How the course was developed
Early in 2014, nine volunteers took part in the new REHIS Elementary Cooking Skills course.
The new REHIS Elementary Cooking Skills course is suitable for people with little or no cooking experience. It is flexible and can be tailored to a wide range of audiences, from those with an interest in food or considering training in catering, to people learning to live independently for the first time. It can run over many weeks, as part of a wider programme, or as a stand-alone six-hour course. A range of dietary requirements such as halal, vegetarian, or gluten-free can be catered for.
The Sunlite café has a small catering kitchen and space for up to six people to prepare food and this space was used to deliver the new course. The café co-ordinator ran the course in the kitchen in January 2014, a quiet time for the café. It was run three times, with each course being delivered over four sessions each lasting four hours. The volunteers worked in pairs or groups of three.
All of the food prepared by the group was sold in the café, so the trainer had to ensure that it met the standard required. The volunteers also ate the food prepared for their lunch.
The first session was used to cover food hygiene and the volunteers were given written materials to take home and read. They also made soup.

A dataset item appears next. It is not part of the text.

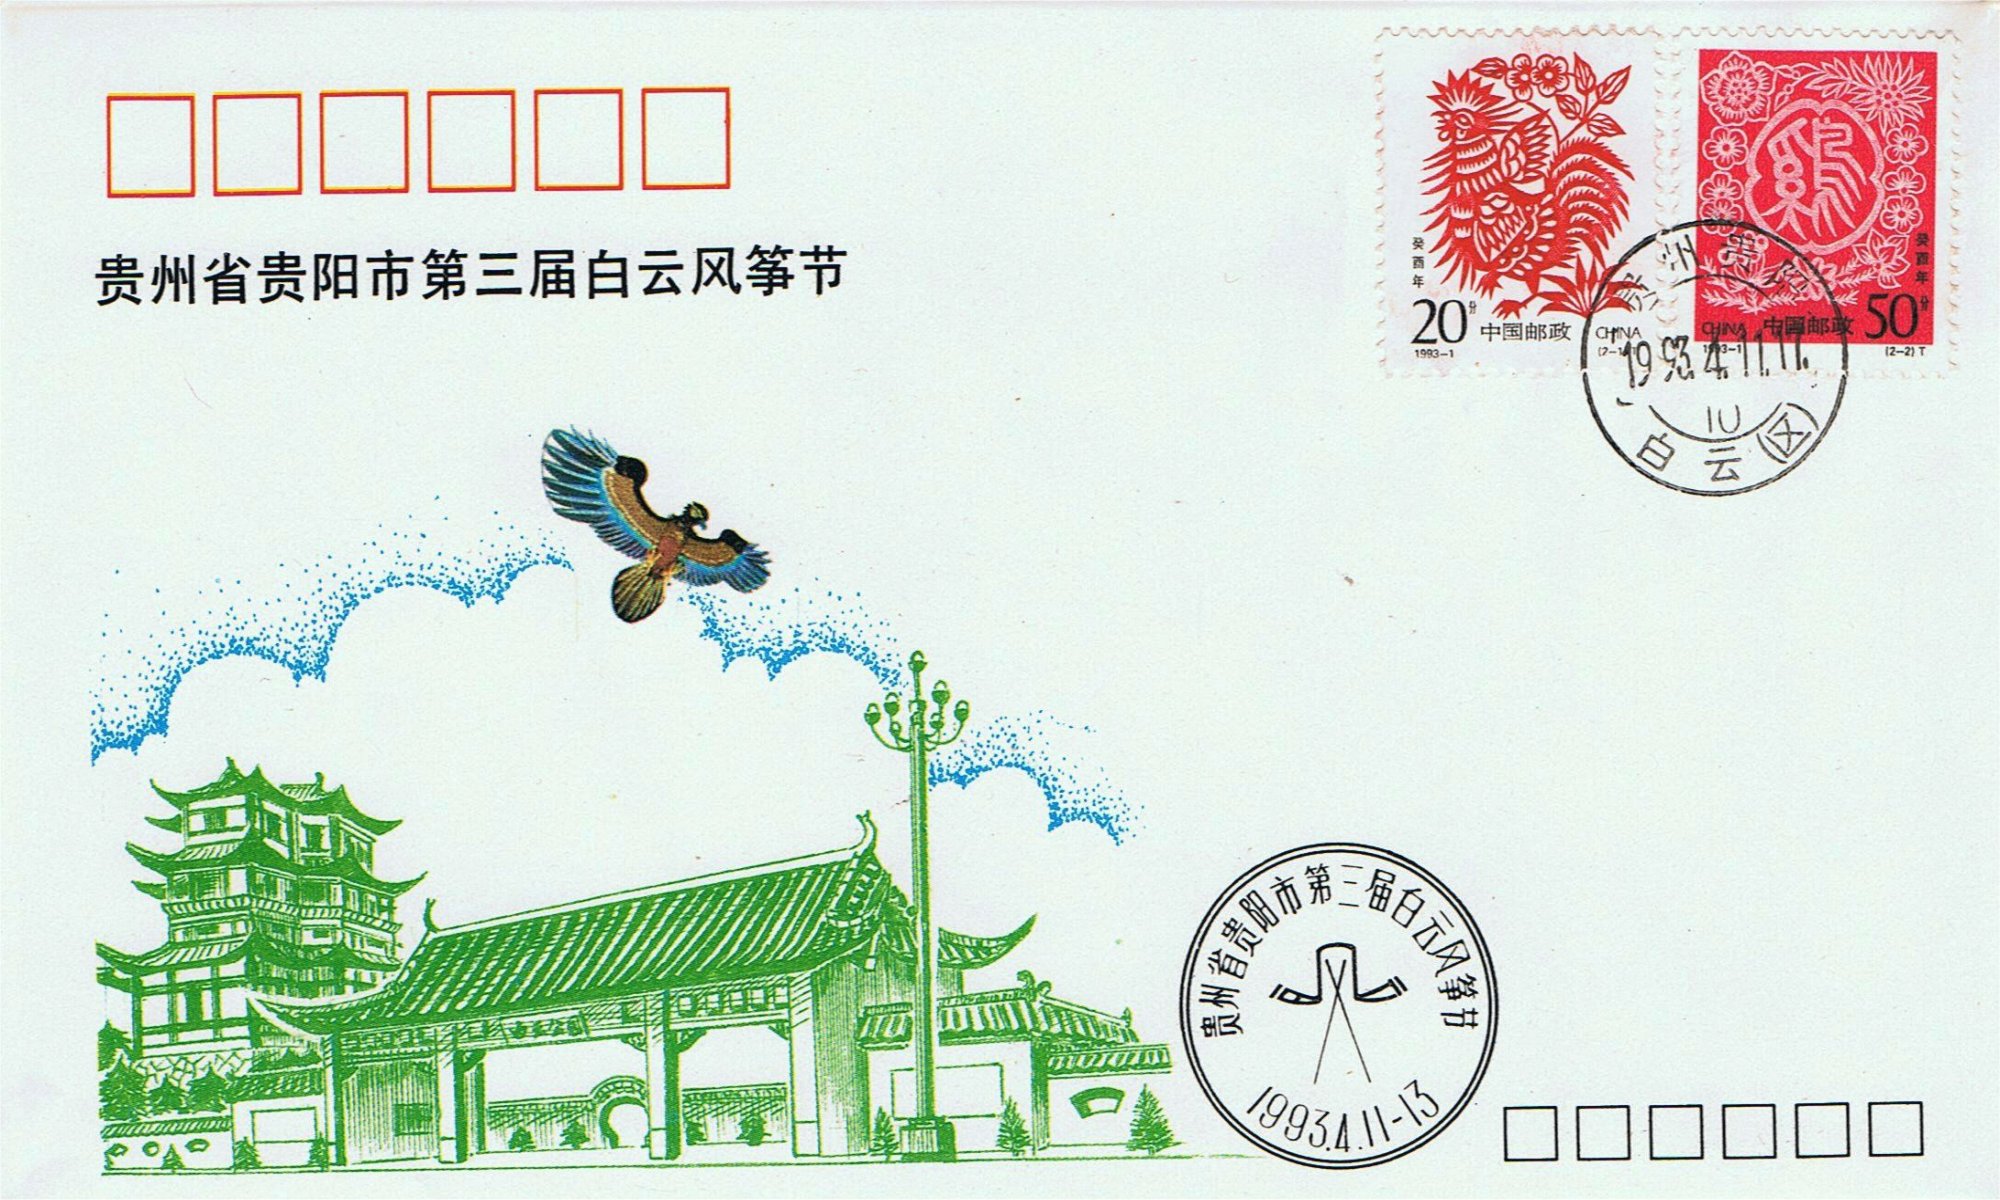 3rd
          Guiyang Kite Festival 1993

In the second and third sessions, the volunteers learned to make a wide range of dishes and to adapt recipes by changing the quantities and using different ingredients. They used written recipes and learned to use scales and convert these measurements into cup and spoon measurements.
In the final session, the volunteers prepared three of the recipes again, in pairs, and without any support from the trainer. That session was used to focus on assessing the volunteers, although the trainer had observed the volunteers’ skills and carried out assessment during all of the earlier sessions.
Funding
Let’s Make It Better received funding from CFHS to deliver the course.
Achievements
The trainer reported that all the volunteers have gained in confidence and are more interested in learning about food. They ask questions about recipes and ingredients and report on recipes they have tried at home.
The course has had a positive impact in the café, with more skilled and confident volunteers being available to prepare meals and snacks to a good standard.
The trainer plans to run the course in the future and is considering providing the course to other organisations for a fee to generate income for the café.